Ho ascoltato Julia Kent ieri sera, dal vivo al Teatro Romano di Catania come primo evento della rassegna Efestiade, ed il suo concerto è stato sin troppo breve per la fame di note mia e del pubblico.
Julia è stata prodiga di comunicazioni via Twitter prima e dopo lo spettacolo verso noi che la sollecitavamo ad uscire dalle quinte, e poi a concederci almeno un bis, ma il caldo catanese ha avuto la meglio e noi ci siamo goduti la memoria delle sue note perfettamente in linea con l'ambientazione del suo concerto.
Ben pochi fra gli studiosi sono riusciti sinora a ricostruire cosa fosse realmente e come suonasse la musica antica greca e romana: la mancanza pressoché totale di testimonianze materiali non solo rende difficile immaginare i contenuti, ma ancor più improbabile qualsiasi filologia che voglia occuparsi di prassi esecutiva, ovviamente.
I tentativi sono tutti fortemente indiziari e personali: allora forse si può avere la libertà di usare altri strumenti conoscitivi per risalire ad un presunto (finora sconosciuto) modo antico di suonare.
Julia Kent, che tiene i suoi concerti in perfetta solitudine col suo violoncello, sarebbe allora una rodiese, nel senso della retorica classica: una mistura sapiente di elementi ritmici articolati, di sovrapposizioni sonore (come non pensare a David Darling e alle sue sovraincisioni col violoncello, proprio come la Kent), ed una tecnica esecutiva asciutta, dove su un'ora di musica la mano sinistra ha suonato il vibrato per meno di cinque minuti.
Asiani, Atticisti e Rodiesi si contrapponevano in un mondo dove la retorica (i colores rhetorici di Quintiliano, il grande sistematore dell'età imperiale) interessava filosofi, maestri e professionisti, politici, forse anche un pubblico più largo di intenditori e amatori o i semplici curiosi durante le esibizioni nelle piazze.
Gli Asiani strabiliavano in un modo che, modernamente, assoceremmo al Barocco: toni caricati, forti escursioni vocali proprio come fosse musica, virtuosismi con le parole al modo dei poeti. Gli Atticisti, invece, asciutti e misurati, senza eccessi di alcun genere, amanti della chiarezza e dell'ordine al punto da sembrare sin troppo concisi, stringati: se non prendessero il nome dall'Attica e da Atene, li si sarebbe definiti spartani nel modo di porgere le parole ed i discorsi, laconici appunto.
Infine i Rodiesi: capaci di servirsi dei vari strumenti senza eccedere, delle parole nuove e del tono di voce senza esagerare, delle pause e della musicalità senza turbare gli animi e senza quello scopo, pronti a stimolare, a coinvolgere con la naturalezza, che è fatta dall'arte, sempre. Demostene, per capirci: e fra i romani, Cicerone.
È capitato così ieri sera con Julia Kent che il suo violoncello fosse contornato, spazialmente, dai suoni ambient dell'acqua leggera frusciante diffusi dagli altoparlanti e che venisse il dubbio, nel Teatro Romano fascinoso nel buio, che fosse proprio la piccola zona dell'orchestra sotto la cavea, sommersa dall'acqua, a risuonare. Poteva capitare altrove, in un'altra location come si usa dire, di avere una consonanza simile?

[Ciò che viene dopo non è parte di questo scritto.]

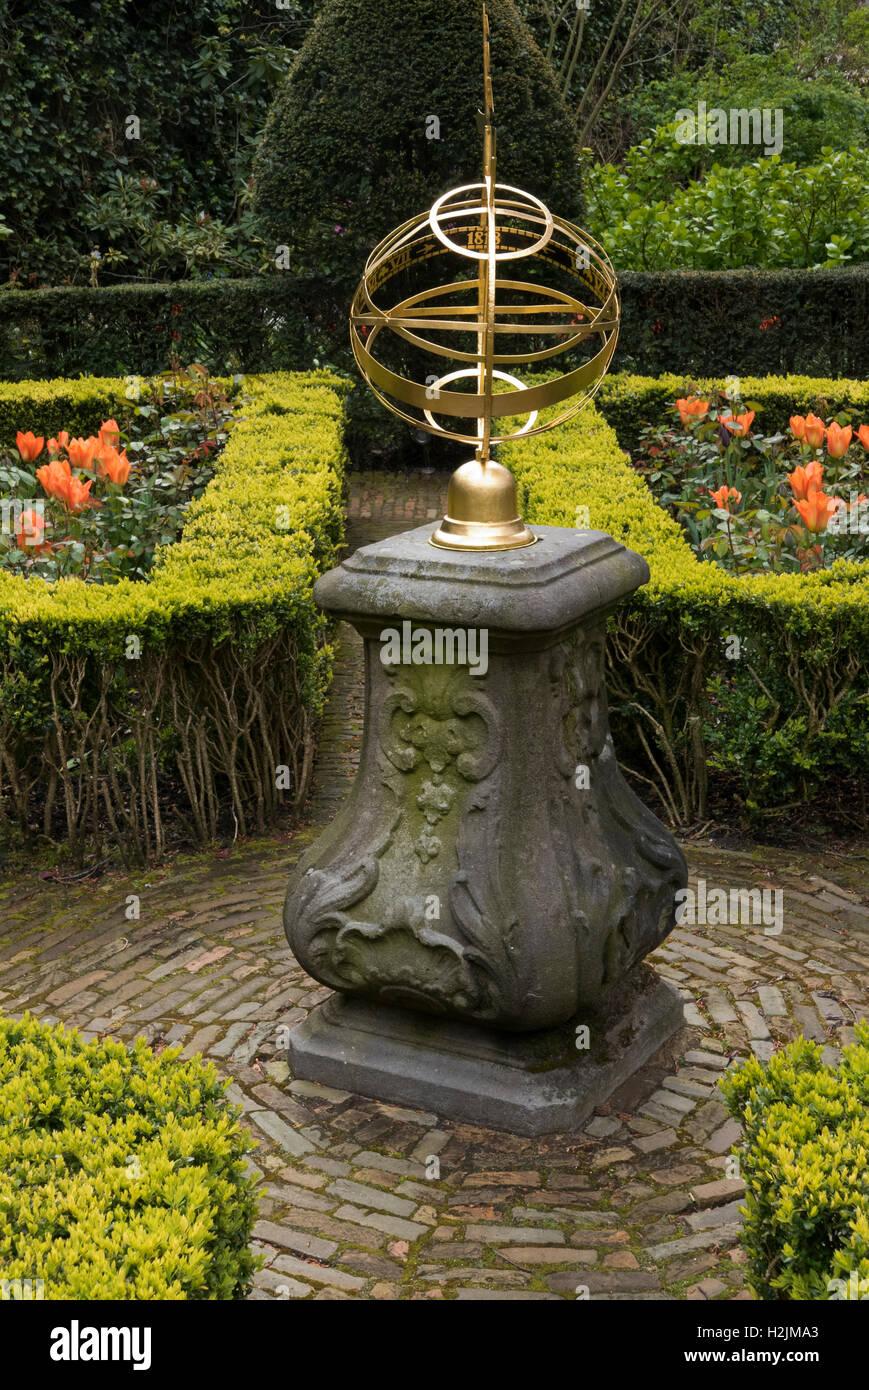 Garden Amsterdam Stock Photos & Garden Amsterdam Stock Images - Alamy

Ma lo scopo della violoncellista non era quello di tentare la via greca per il suo concerto catanese: ovvio che sì, ma proprio qui si mostra la capacità di lettura dei luoghi da parte di un'artista.
Live electronics, sovraincisioni, suoni ambient, la consistenza vetrosa del violoncello amplificato, strutture minimaliste con una forte propensione ritmica piuttosto che verso un impasto armonico o una costruzione melodica da canone o da fuga: in un Teatro Romano con gradinate in legno e parti originali in pietra, non sono questi gli elementi di una mescolanza di stili e generi sullo stile rodiese, dove a prevalere è la condivisione emotiva con il pubblico?
Se i nomi citati si son fatti grossi, Julia Kent non scompare nel paragone: ci ha lasciato anzi l'appetito per riascoltarla piacevolmente, magari ancora in una cornice dall'acustica non da studio di registrazione (Asiana) né da concerto dei Rasputina (il suo vecchio gruppo di soli violoncelli, Atticista), ma straordinariamente consona e armonica e veramente greca come il rodiese Teatro Romano di Catania.
Se i nomi citati si son fatti grossi, Julia Kent non scompare nel paragone: ci ha lasciato anzi l'appetito per riascoltarla piacevolmente, magari ancora in una cornice dall'acustica non da studio di registrazione (Asiana) né da concerto dei Rasputina (il suo vecchio gruppo di soli violoncelli, Atticista), ma straordinariamente consona e armonica e veramente greca come il rodiese Teatro Romano di Catania.